Fetching the historical data for USD-BRL

response = requests.get(url_usdbrl)
data_usdbrl = response.json()

df_usdbrl = pd.DataFrame(data_usdbrl)
df_usdbrl['ds'] = pd.to_datetime(df_usdbrl['data'], format='%d/%m/%Y')
df_usdbrl['y'] = df_usdbrl['valor'].astype(float)
df_usdbrl = df_usdbrl[['ds', 'y']]

Adding regressors to enhance our model's performance

A regressor can be any variable in a regression model that is used to predict a response variable. Prophet allows us to add multiple regressors, so we will have 2:

Interest Rates
Central Bank Meeting Dates

*We also have the holidays, but they are not considered external regressors, since they are "part of the equation".

Interest Rates

# ====== GETTING INTEREST RATES FROM BRAZIL ======
response = requests.get(url_brazil_interest_rates)
data_selic = response.json()

df_selic = pd.DataFrame(data_selic)
df_selic['ds'] = pd.to_datetime(df_selic['data'], format='%d/%m/%Y')
df_selic['selic'] = df_selic['valor'].astype(float)
df_selic = df_selic[['ds', 'selic']]

# Fill missing dates if needed
today = pd.to_datetime(datetime.today().date())
if today not in df_selic['ds'].values:
    last_selic = df_selic.sort_values('ds')['selic'].iloc[-1]
    new_row = pd.DataFrame({'ds': [today], 'selic': [last_selic]})
    df_selic = pd.concat([df_selic, new_row], ignore_index=True)
    df_selic = df_selic.sort_values('ds').reset_index(drop=True)

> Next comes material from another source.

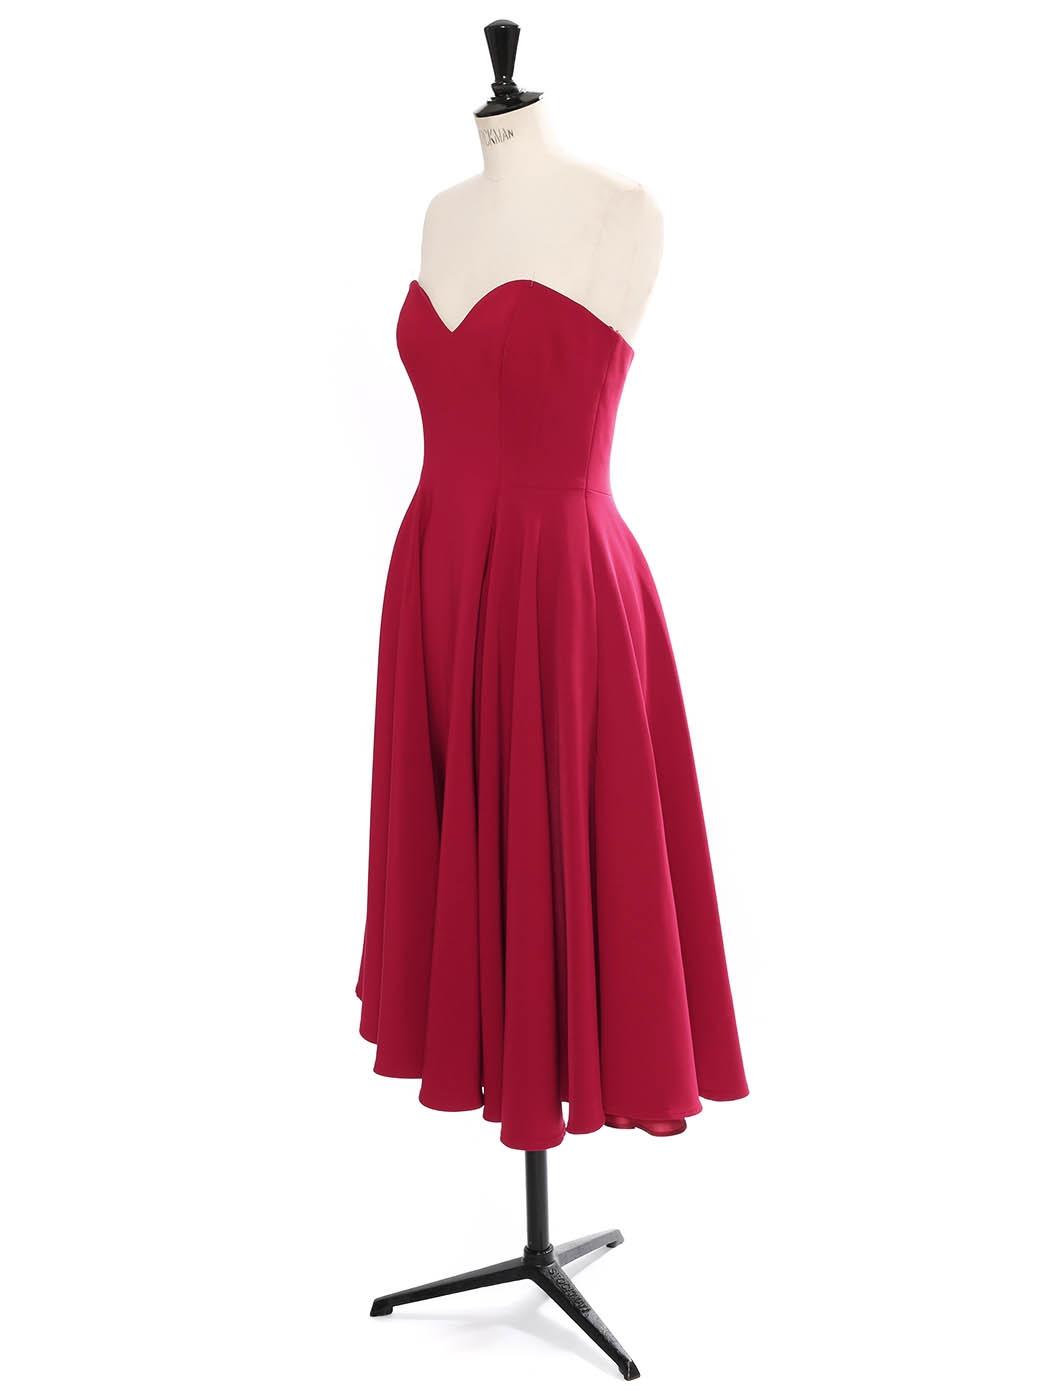 Louise Paris Sara Battaglia Robe Bustier Coeur Cintree Evasee En Crepe Rouge Framboise Fonce Taille 38

# ====== GETTING INTEREST RATES FROM US ======
fred = Fred(api_key=FRED_API_KEY)
fedfunds = fred.get_series('FEDFUNDS', observation_start=start_iso, observation_end=end_iso)

df_fedfunds = fedfunds.reset_index()
df_fedfunds.columns = ['ds', 'fedfunds']
df_fedfunds['ds'] = pd.to_datetime(df_fedfunds['ds'])
df_fedfunds['fedfunds'] = df_fedfunds['fedfunds'].astype(float)
full_dates = pd.DataFrame({'ds': pd.date_range(start=df_fedfunds['ds'].min(), end=df_selic['ds'].max())})
df_fedfunds = full_dates.merge(df_fedfunds, on='ds', how='left')
df_fedfunds['fedfunds'] = df_fedfunds['fedfunds'].ffill()

# ====== MERGING IT ALL ======
df = df_usdbrl.merge(df_selic, on='ds', how='left')
df = df.merge(df_fedfunds, on='ds', how='left')

Central Bank Meeting Dates

# ====== CREATE DATAFRAME WITH MEETINGS DATES ======
copom_df = pd.DataFrame(copom_meeting_dates, columns=["ds"])
copom_df["ds"] = pd.to_datetime(copom_df["ds"])
fed_df = pd.DataFrame(fed_meeting_dates, columns=["ds"])
fed_df['ds'] = pd.to_datetime(fed_df['ds'])

all_meetings_df = pd.concat([copom_df, fed_df]).drop_duplicates().sort_values("ds").reset_index(drop=True)

# ====== CATEGORIZE IF IT'S NEAR A CENTRAL BANK MEETING ======
def is_near_central_bank_meeting(date, days_before=5, days_after=1):
    date = pd.to_datetime(date)
    for meeting_date in all_meetings_df['ds']:
        if -days_before <= (date - meeting_date).days <= days_after:
            return 1
    return 0

df['near_cb_meeting'] = df['ds'].apply(is_near_central_bank_meeting)

Setting up the Holidays

# Add a new column to distinguish between the two countries
us_holidays['country'] = 'US'
br_holidays['country'] = 'BR'

# Concatenate the two DataFrames into a single one
combined_holidays = pd.concat([us_holidays, br_holidays], ignore_index=True)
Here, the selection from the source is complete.